The trade-family library, briefly assembled
There is a shelf in the Cordis House office that Ron Smith has kept since before there was a house to keep it in. It holds the books he reached for when his nephews were small, and the ones he wished had been on it then. It is not a long shelf. We do not believe a reading list needs to be long to be of use. It needs to be honest about who it is for, and this one is for the kid who can name the sound of a particular truck pulling into the driveway.
We assembled this list the way the office assembles most things: slowly, and by reading the books out loud to see whether they hold. The test is simple. Does the book treat a working family as a family, with an inner life, rather than as a setting or a lesson? A surprising number of otherwise fine picture books fail that test. The ones below pass it, and they have earned their place on the shelf.
A book belongs on the trade-family shelf when it treats the family as a family, and not as a backdrop for someone else's lesson.

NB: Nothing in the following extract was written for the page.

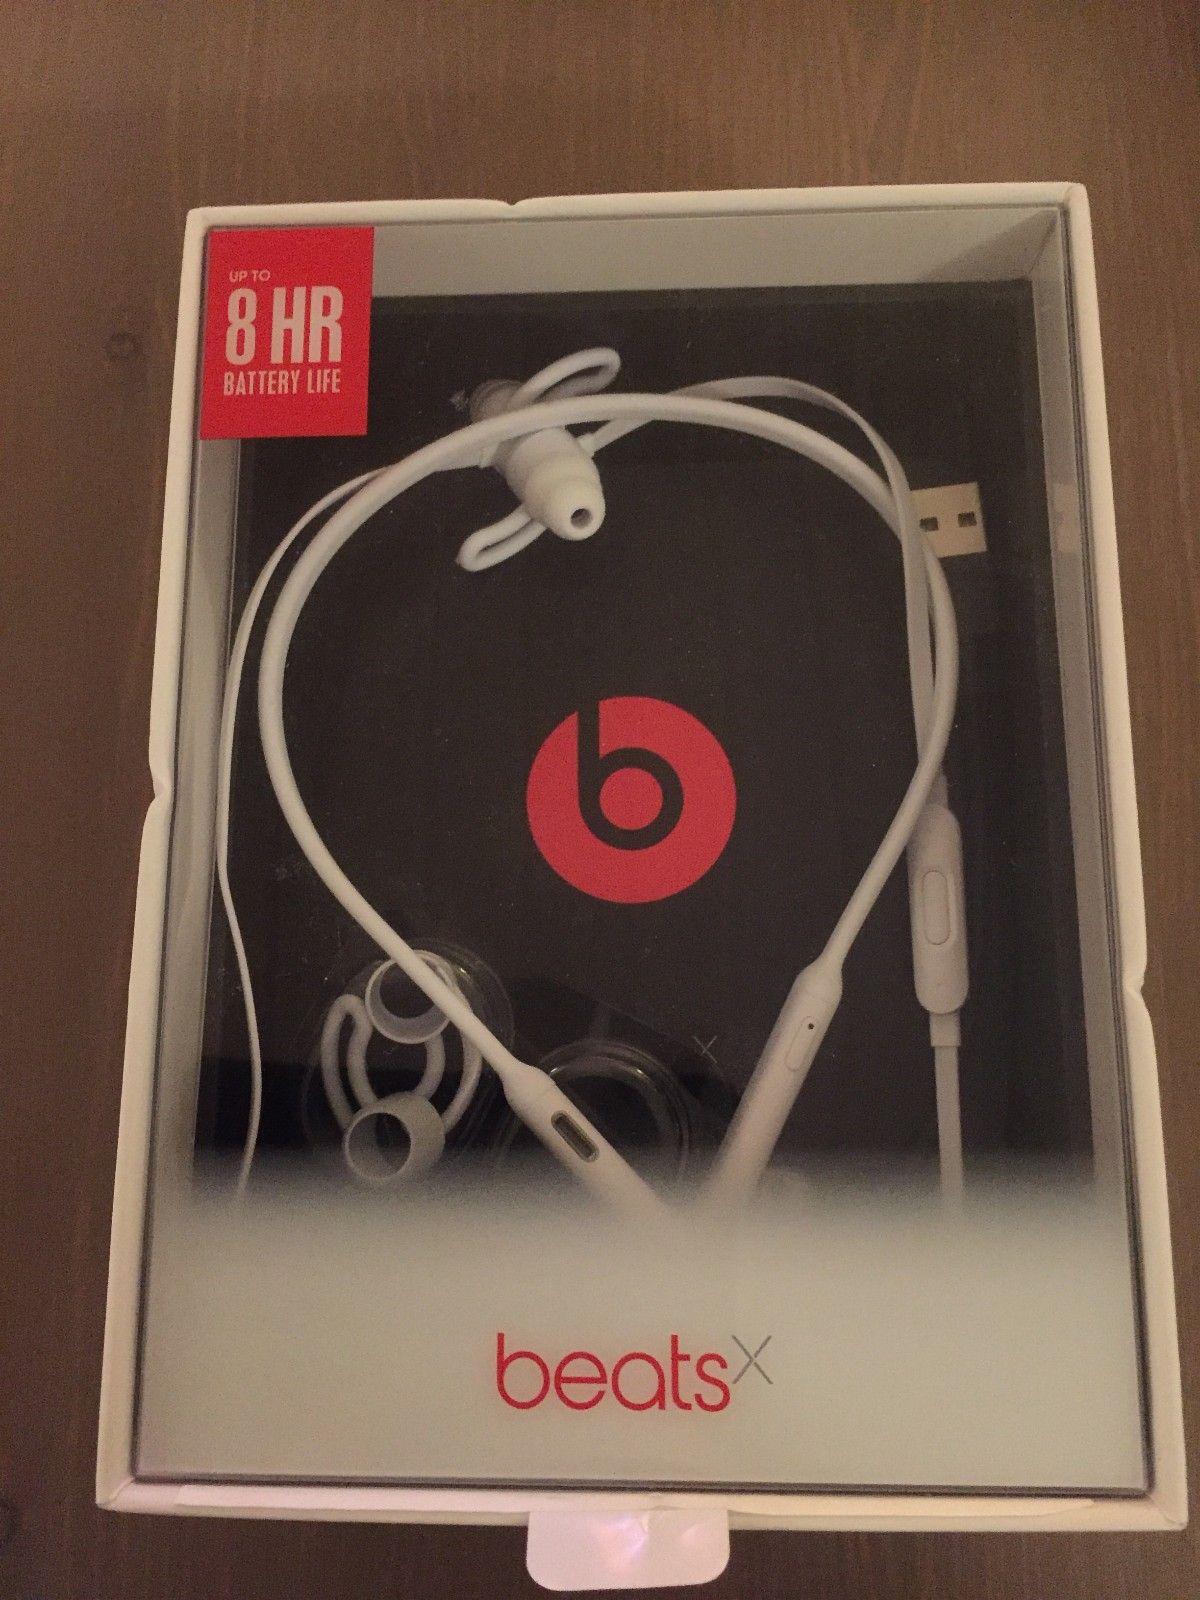 Beats X trådløse øretelefoner - Råholt  - Beats X trådløse øretelefoner selges. Brukt kun en gang. Kjøpt i 31/7-17, har kvittering. Nypris 1166,-, selges kr 700,- - Råholt

A Different Pond — Bao Phi, illustrated by Thi Bui. A father and son fish before dawn so the family can eat, and the book never once apologizes for that fact or dresses it up. The work is the work, the love is plain, and the early-morning quiet is rendered with more care than most books give to anything. It sits on the shelf because it trusts the child to understand why a father is tired.
Last Stop on Market Street — Matt de la Peña, illustrated by Christian Robinson. A grandmother teaches a boy to see the worth in a bus route and a neighborhood that the world has decided to overlook. It belongs here because it is, underneath the warmth, a book about what a working family chooses to value and pass down.
The Night Gardener — the Fan Brothers. A quieter pick, and not obviously a trade book, until you notice it is about a person who works through the night, with his hands, to leave something beautiful behind for people he will never meet. That is most of what we mean by the trades, told sideways.